GW Pharma’s cannabinoid shows schizophrenia promise

by | 15th Sep 2015 | News

UK drugmaker GW Pharmaceuticals has unveiled top-line, mid-stage trial data raising hopes that its cannabis-based drug cannabidiol might prove an effective treatment for schizophrenia.

UK drugmaker GW Pharmaceuticals has unveiled top-line, mid-stage trial data raising hopes that its cannabis-based drug cannabidiol might prove an effective treatment for schizophrenia.

The exploratory Phase IIa placebo-controlled clinical trial involved 88 patients with schizophrenia who had previously failed to respond adequately to first-line treatment with antipsychotics.

Specific findings were not released at this stage, but GW said that over a range of clinical endpoints cannabidiol (CBD) consistently outperformed placebo, and that the proportion of responders was also higher in the active treatment group.

Crucially, the firm said the safety profile of CBD was “particularly reassuring”, with no serious adverse events and an overall frequency of adverse events very similar to placebo, the most common being diarrhoea (9.3% CBD vs 4.4% placebo), nausea (7% vs 0%), headache (7% vs 8.9%) and somnolence (0% vs 6.7%).

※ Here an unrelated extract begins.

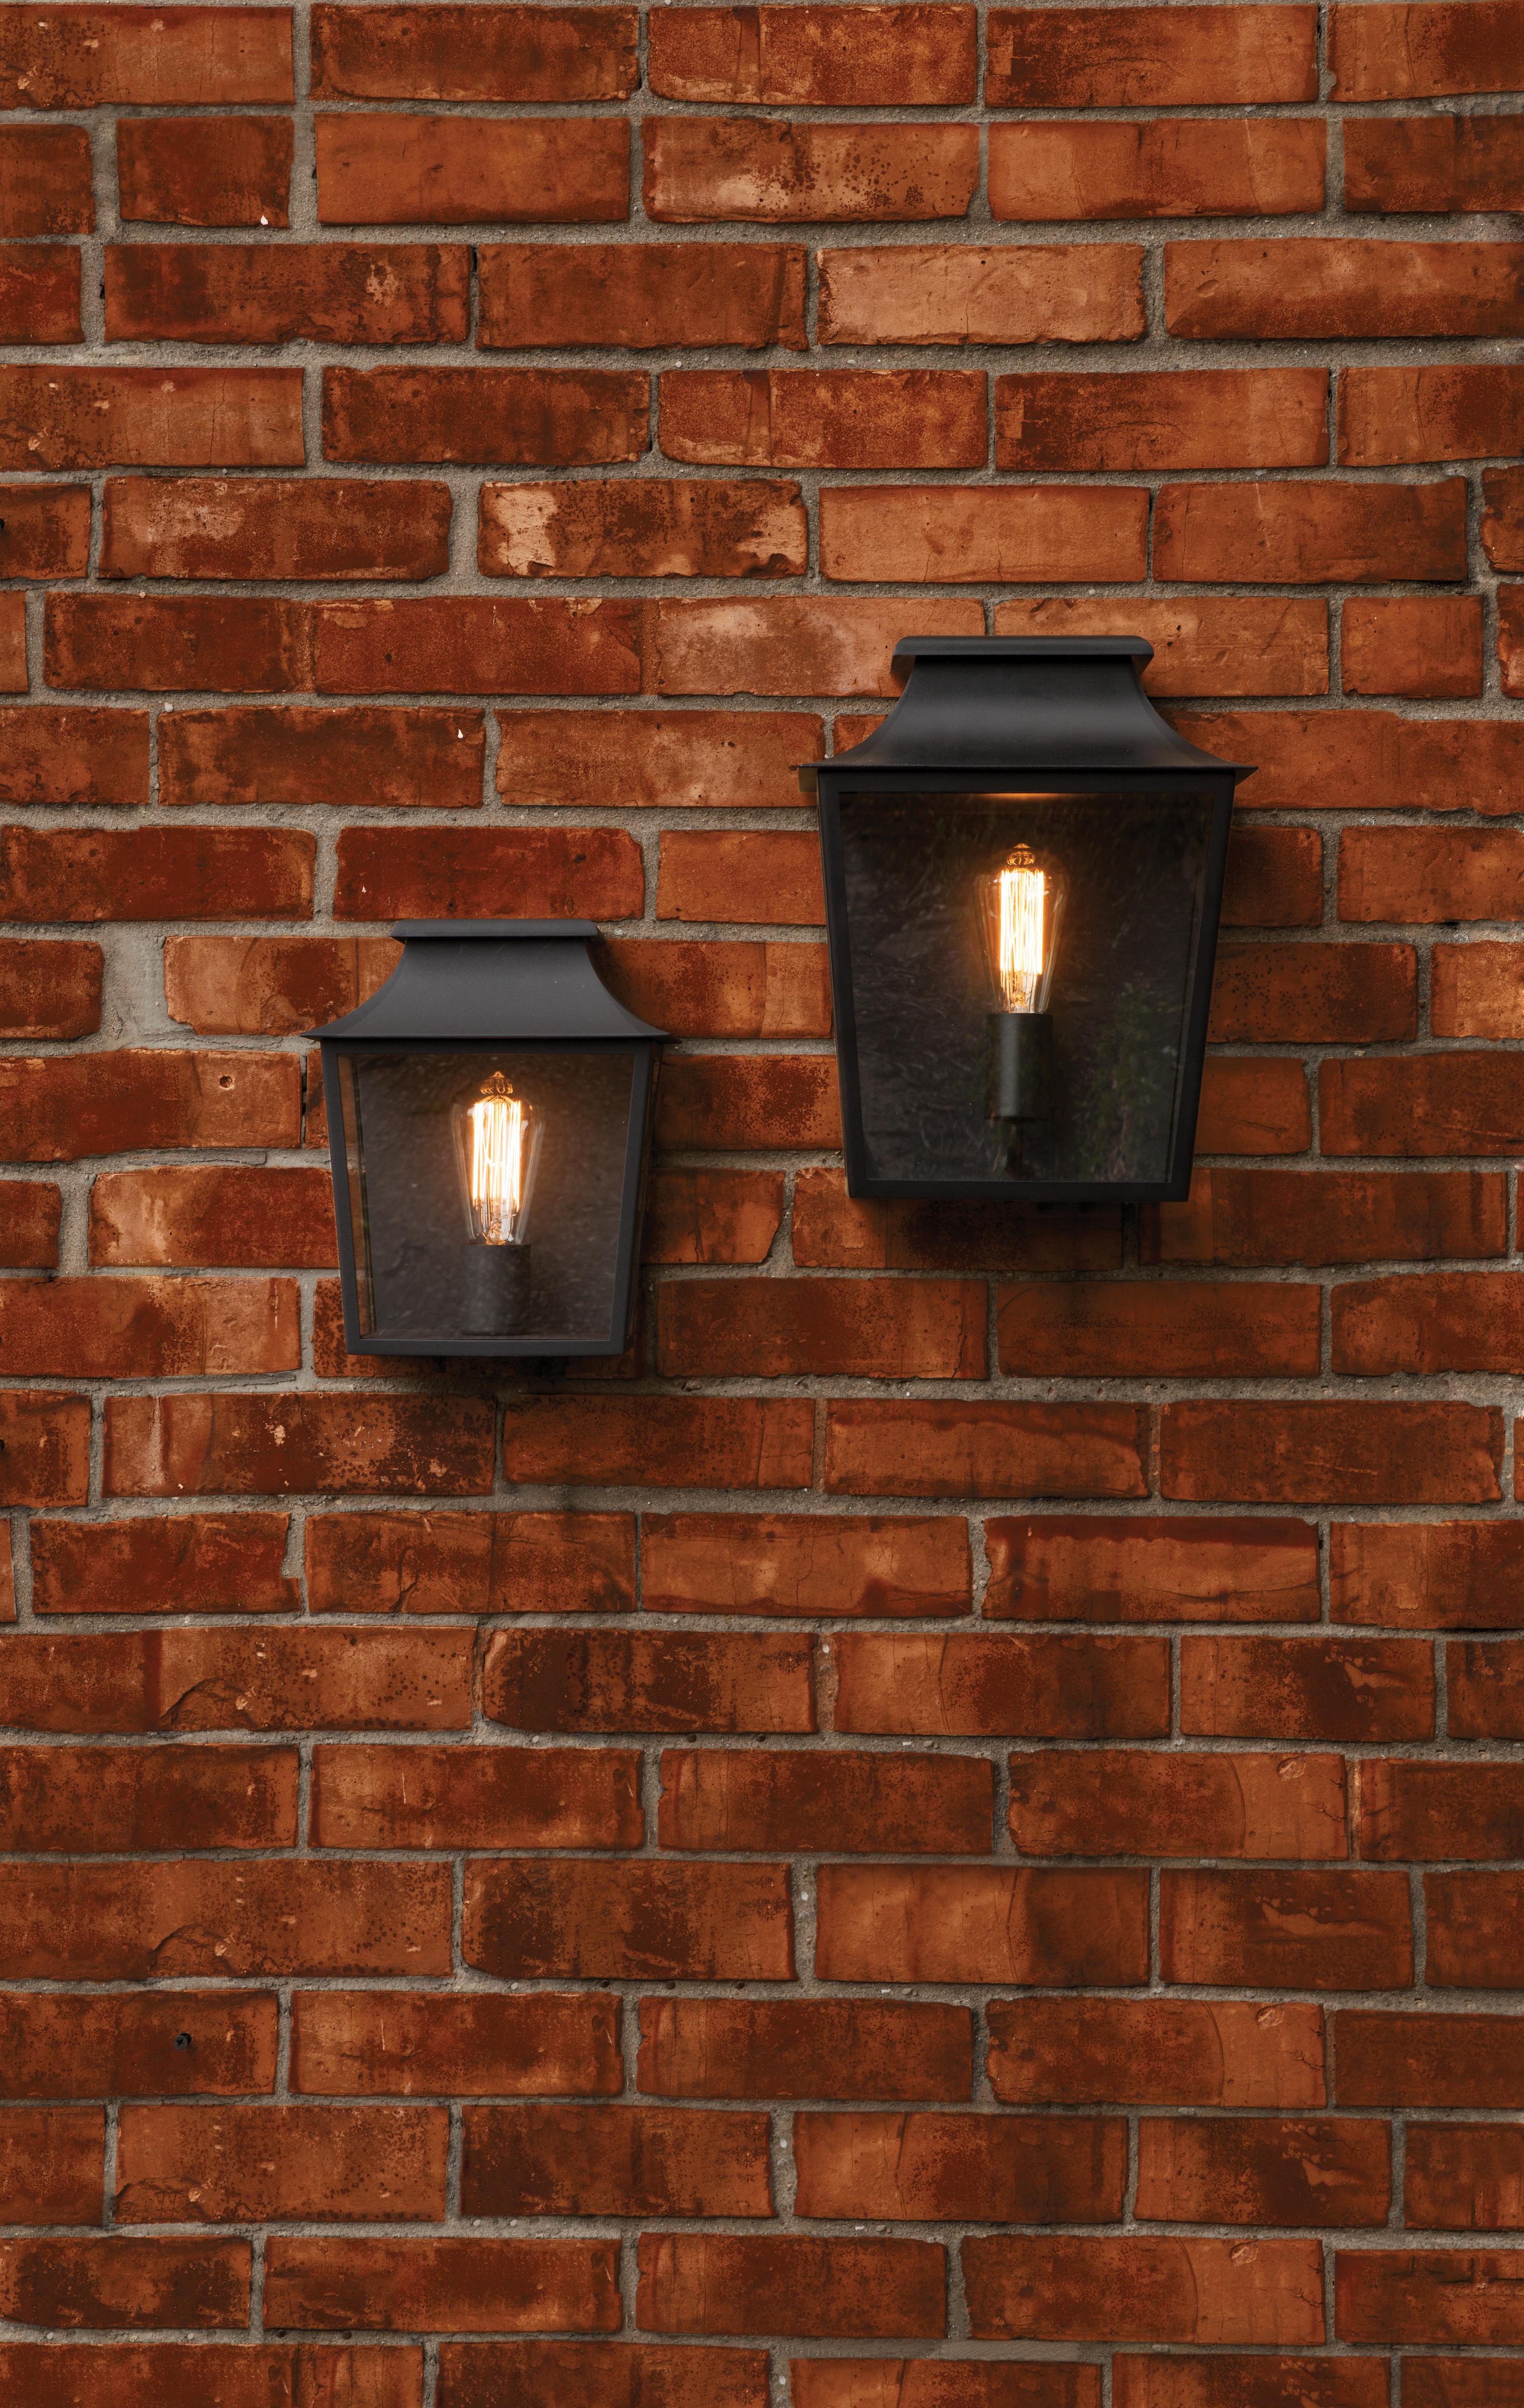 Настенный фонарь Astro Richmond 1340001 (7270), IP44, 1xE27x60W, черный, прозрачный, стекло - фото 3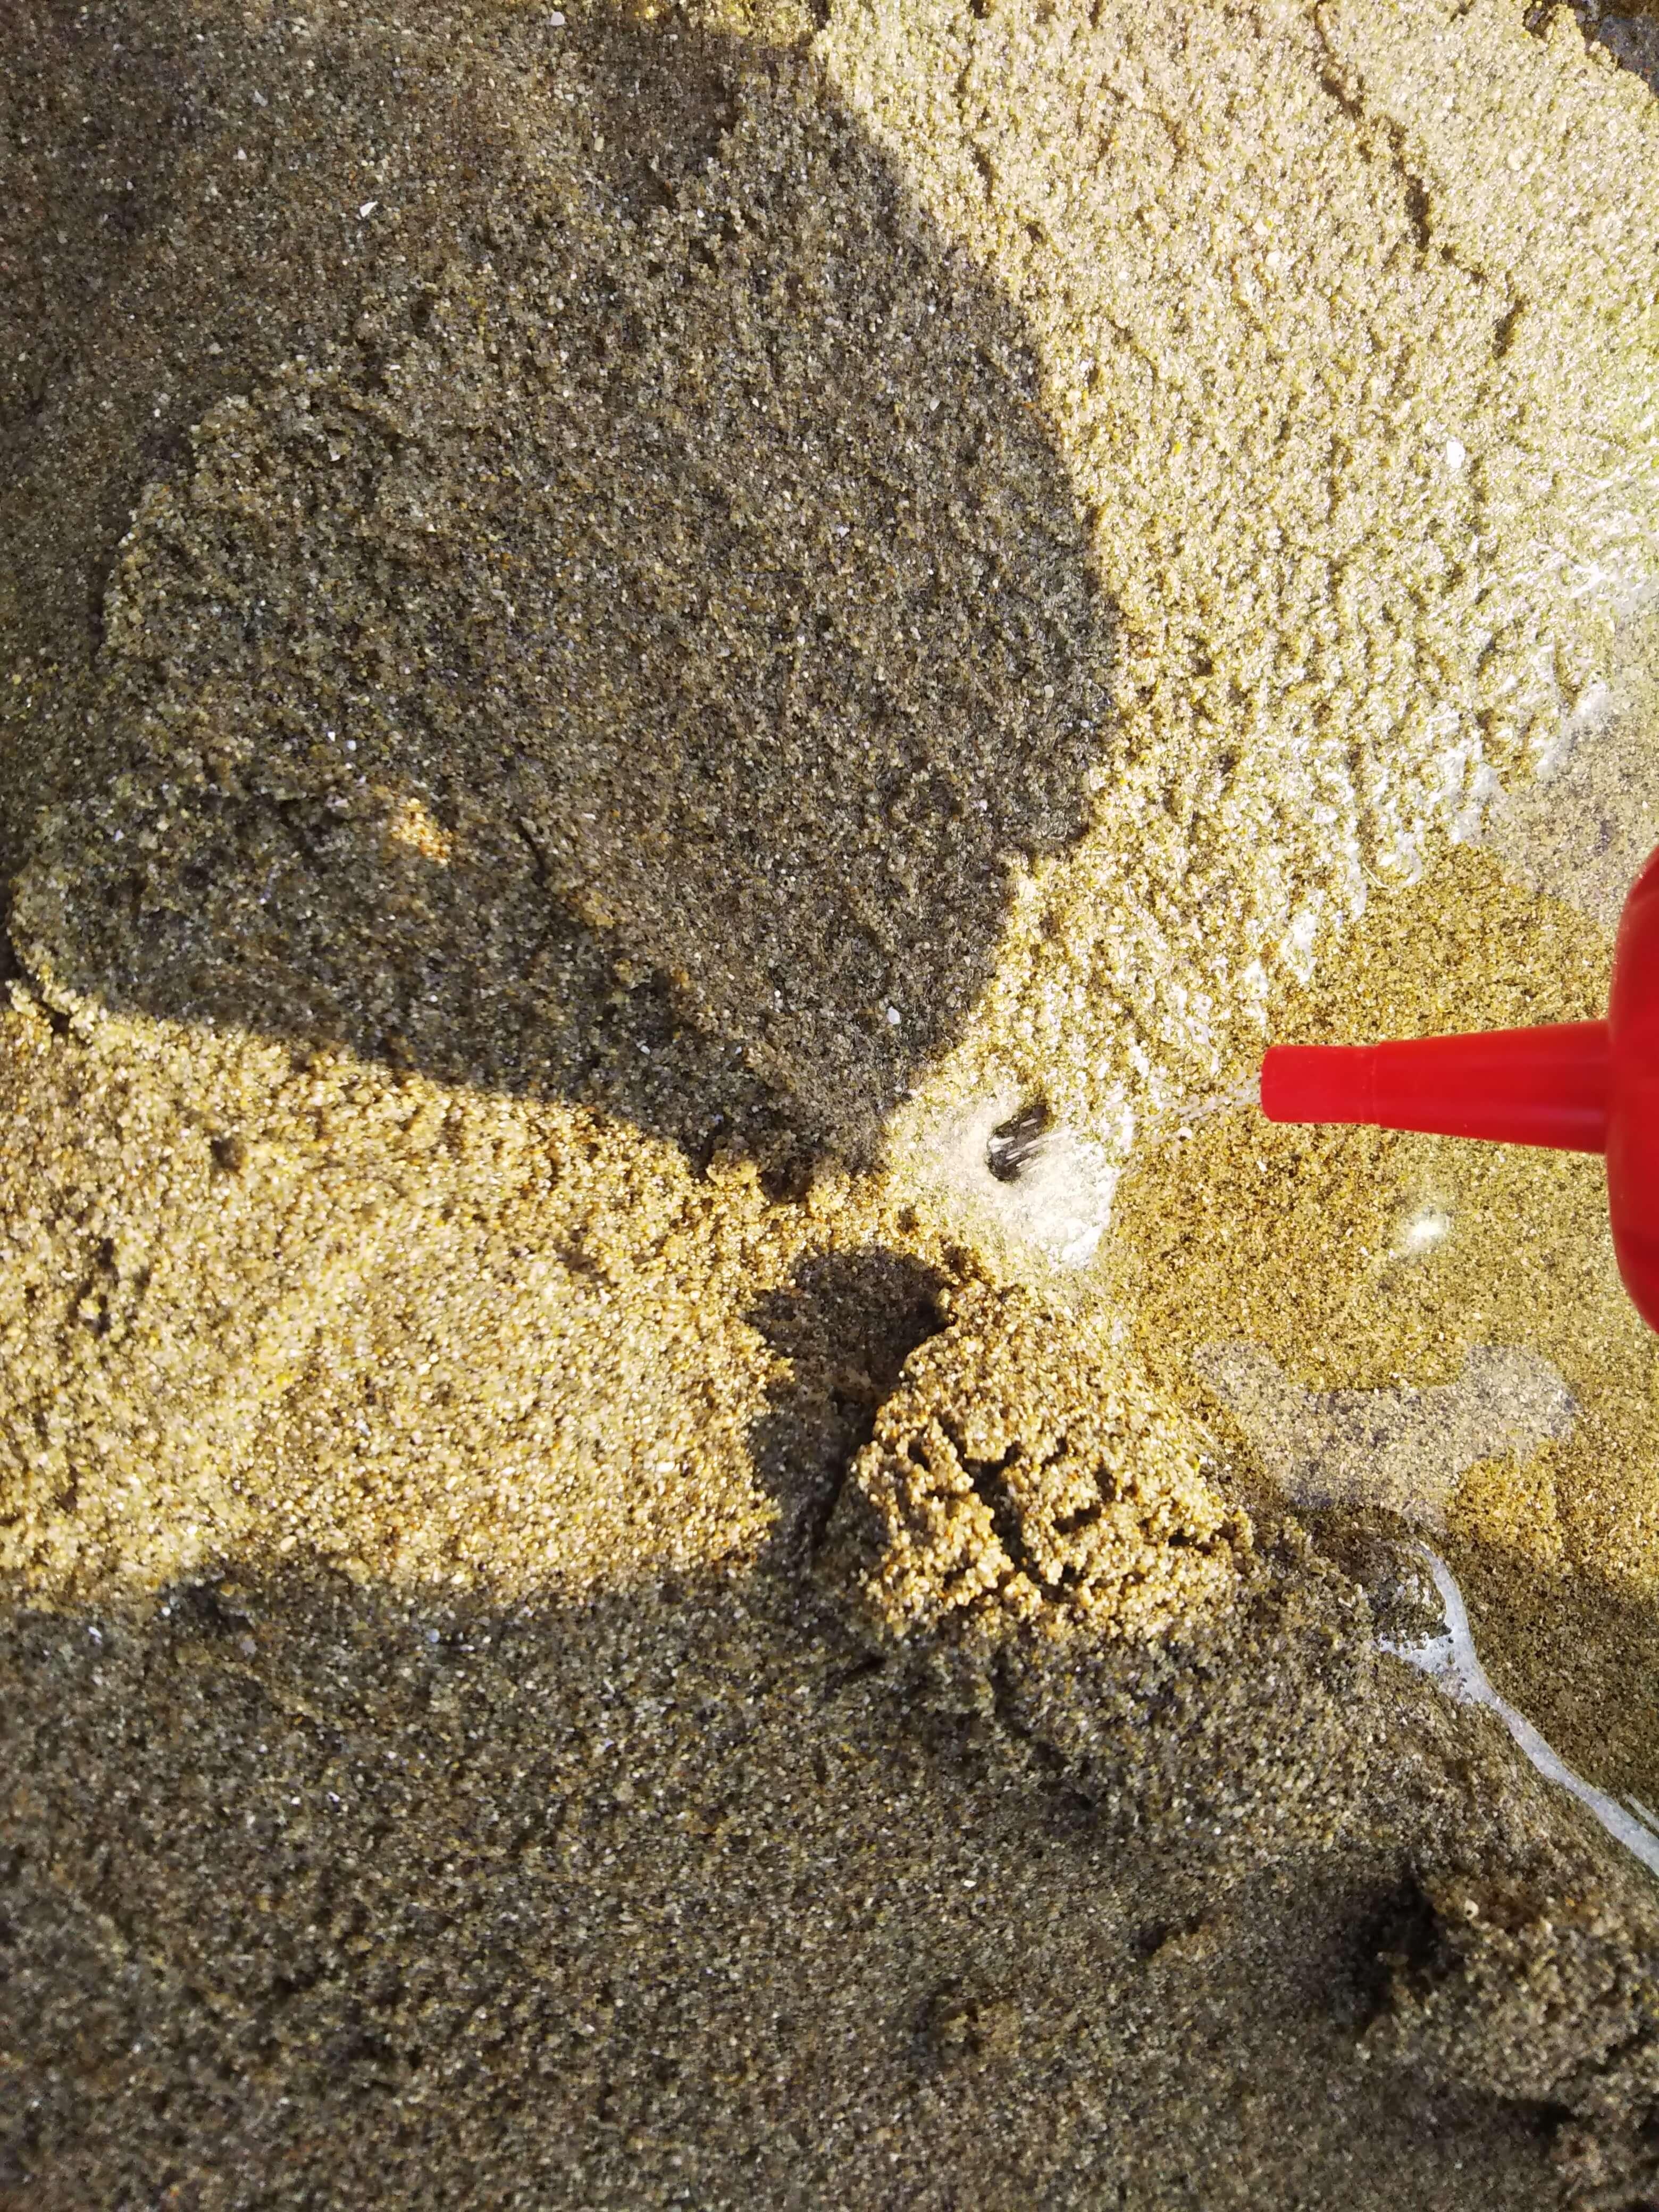 マテ貝の穴に塩をかける

“These findings further reinforce the potential role of cannabinoids in the field of neuropsychiatric disease,” said GW’s chief executive Justin Gover. “We believe that the signals of efficacy demonstrated in this trial, together with a notably reassuring safety profile, provide GW with the prospect of new and distinct cannabinoid neuropsychiatric product pipeline opportunity”.

He also noted that, along the same lines as the approach for Epidiolex, which is being developed for forms of childhood epilepsy, the firm’s future research in the area “may lie within paediatric orphan neuropsychiatric indications and we intend to explore this as a focus for future trials”.